I spend a lot of time in rooms with advertisers, and lately, every conversation circles back to the same question: how do we actually make AI work for our business?
Not in a theoretical sense. Not as a nice-to-have innovation project. But as something that genuinely transforms how we operate.
After six years at Ebiquity, speaking with brands across markets and sitting through countless conferences (including one last week at Programmatic IO in New York, right before the Ryder Cup), I’ve noticed something important. The brands making real progress with AI share one common trait.

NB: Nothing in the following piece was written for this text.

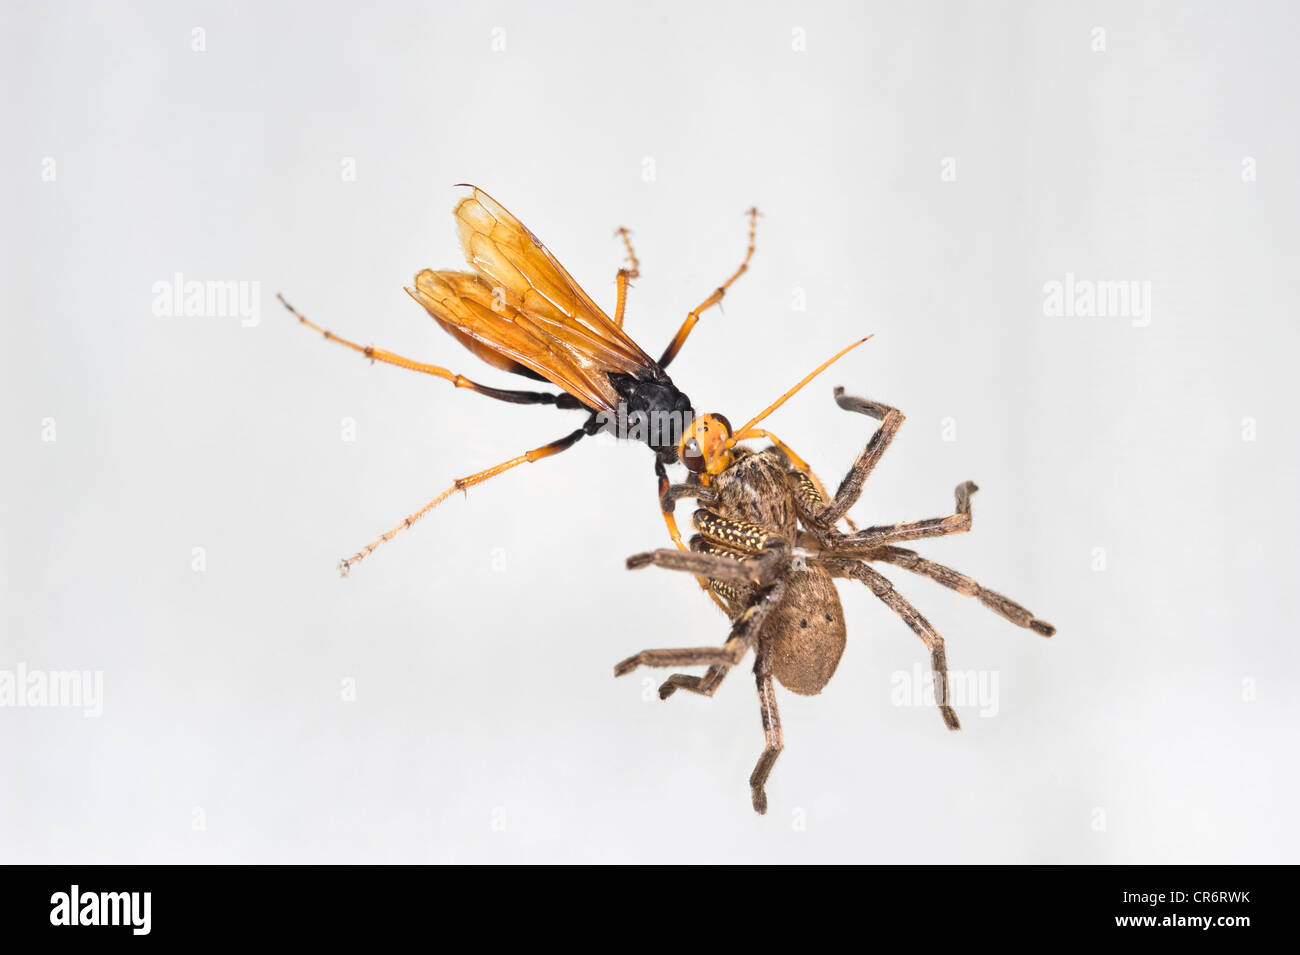 Spider hunter wasp dragging huntsman spider backwards up glass Stock Photo

They’re codifying their expertise.
What codification actually means
When I say codification, I’m talking about something specific. It’s taking all the knowledge you’ve accumulated, written down in PDFs, spreadsheets, contracts, and buried in email threads, and combining it with the experience you’ve gained deploying that knowledge. Both the successes and the failures. That combination is your expertise.
Your ability to codify that expertise in a way that makes AI useful is what will separate successful organisations from those playing catch-up.
The gap between impressive and useful
Most of us have had that first experience with ChatGPT or Claude. It’s impressive. But your mind immediately goes to the same place mine did: what if this knew more about my business? What if it understood my specific requirements, my brand standards, my operational realities?
Because if it did, that’s when things get genuinely powerful.
Think about your current state as an advertiser. You have business rules everywhere. Brand safety standards. Expectations for how linear campaigns should air, competitive separation, late night cutoffs, make-good policies, cost savings targets, approved vendor lists. There are hundreds, probably thousands, of rules governing how you go to market.
Be honest. They’re not all living in one accessible place. Some are in SharePoint. Some are in contracts. Many are in people’s heads or buried in email archives.
The human limitation we’ve been working around
Here’s something we all know but rarely say out loud: we tend to give up codifying our business rules around number 50. Maybe 60 if we’re thorough.
Not because we don’t have more rules. We absolutely do. But because we know that on the receiving end, our agency partners and downstream media partners won’t manage more than that. They’ll say “good enough” and figure out the rest as they go. Everyone will beg for forgiveness later if something goes wrong.
That’s just the reality when humans are involved.
What changes when AI enters the equation
But what happens when it’s not humans involved anymore? When it’s AI systems talking to other AI systems?
The number of rules you can deploy becomes limitless. The logic you can bake in becomes as complex as you need it to be. AI doesn’t break a sweat at rule 437. It doesn’t cut corners at naming convention requirement 89.
This applies to everything. Brand voice requirements. Dynamic creative assembly rules. Campaign naming conventions. Media placement specifications. Performance thresholds. Every single piece of logic that governs how your advertising operates.
When properly codified, all of it becomes deployable without the human fatigue factor.
The grid concept
Once you’ve codified your expertise, you’ve essentially created a grid that all your partners in the ecosystem can plug into.
An agency you’re evaluating can understand your expectations immediately. A television network responding to your RFP can extract exactly what they need to know. A vendor can pull your requirements, feed them into their AI systems, and provide a response that meets your specifications.
This isn’t a theoretical future state. Brands are building these grids right now. The ones doing it successfully are creating competitive moats around themselves, giving them the runway to experiment and try new things while others are still gathering their scattered business rules into one place.
The timeline reality
This brings me to the uncomfortable truth: AI is both a blessing and a curse when it comes to timelines.
We don’t have the luxury of six to twelve month test-and-learn cycles anymore. You have weeks at best to get caught up and get moving.
I’m not trying to create artificial urgency here. I’m simply observing what’s happening in the market. The brands that have started this codification process have a meaningful advantage. The gap between them and everyone else is widening.
This needs to be a first quarter agenda item at the latest. If you’re not working on codifying your expertise, I can promise you that your competitors are.
Where to start
The conversation you need to have with your teams is straightforward: how do we take all the things that exist in different places and codify them into one accessible system?
Start with your most critical business rules. Your brand safety standards. Your vendor requirements. Your campaign expectations. Build from there.
The goal is to create something comprehensive enough that an AI system can understand and deploy your entire operational framework, not just the top 50 rules you’ve historically been able to manage.
Making it scale
If done successfully, this is the thing that will scale your advertising operations. This is what makes growth hockey stick upward. Not incrementally better, but fundamentally different in terms of what becomes possible.
You’ll be able to operate with precision that was previously impossible. You’ll be able to maintain consistency across markets, campaigns, and partners without the manual oversight that currently bottlenecks everything.
More importantly, you’ll have built something defensible. A competitive advantage based on how well you’ve translated your expertise into a format that AI can multiply and deploy.
The brands getting this right aren’t necessarily the biggest or best resourced. They’re the ones taking codification seriously, starting the process now, and treating it as the foundational work it actually is.
That’s the conversation I hope you’ll take back to your organisation. Not as another AI initiative, but as the thing that determines whether your other AI initiatives actually succeed.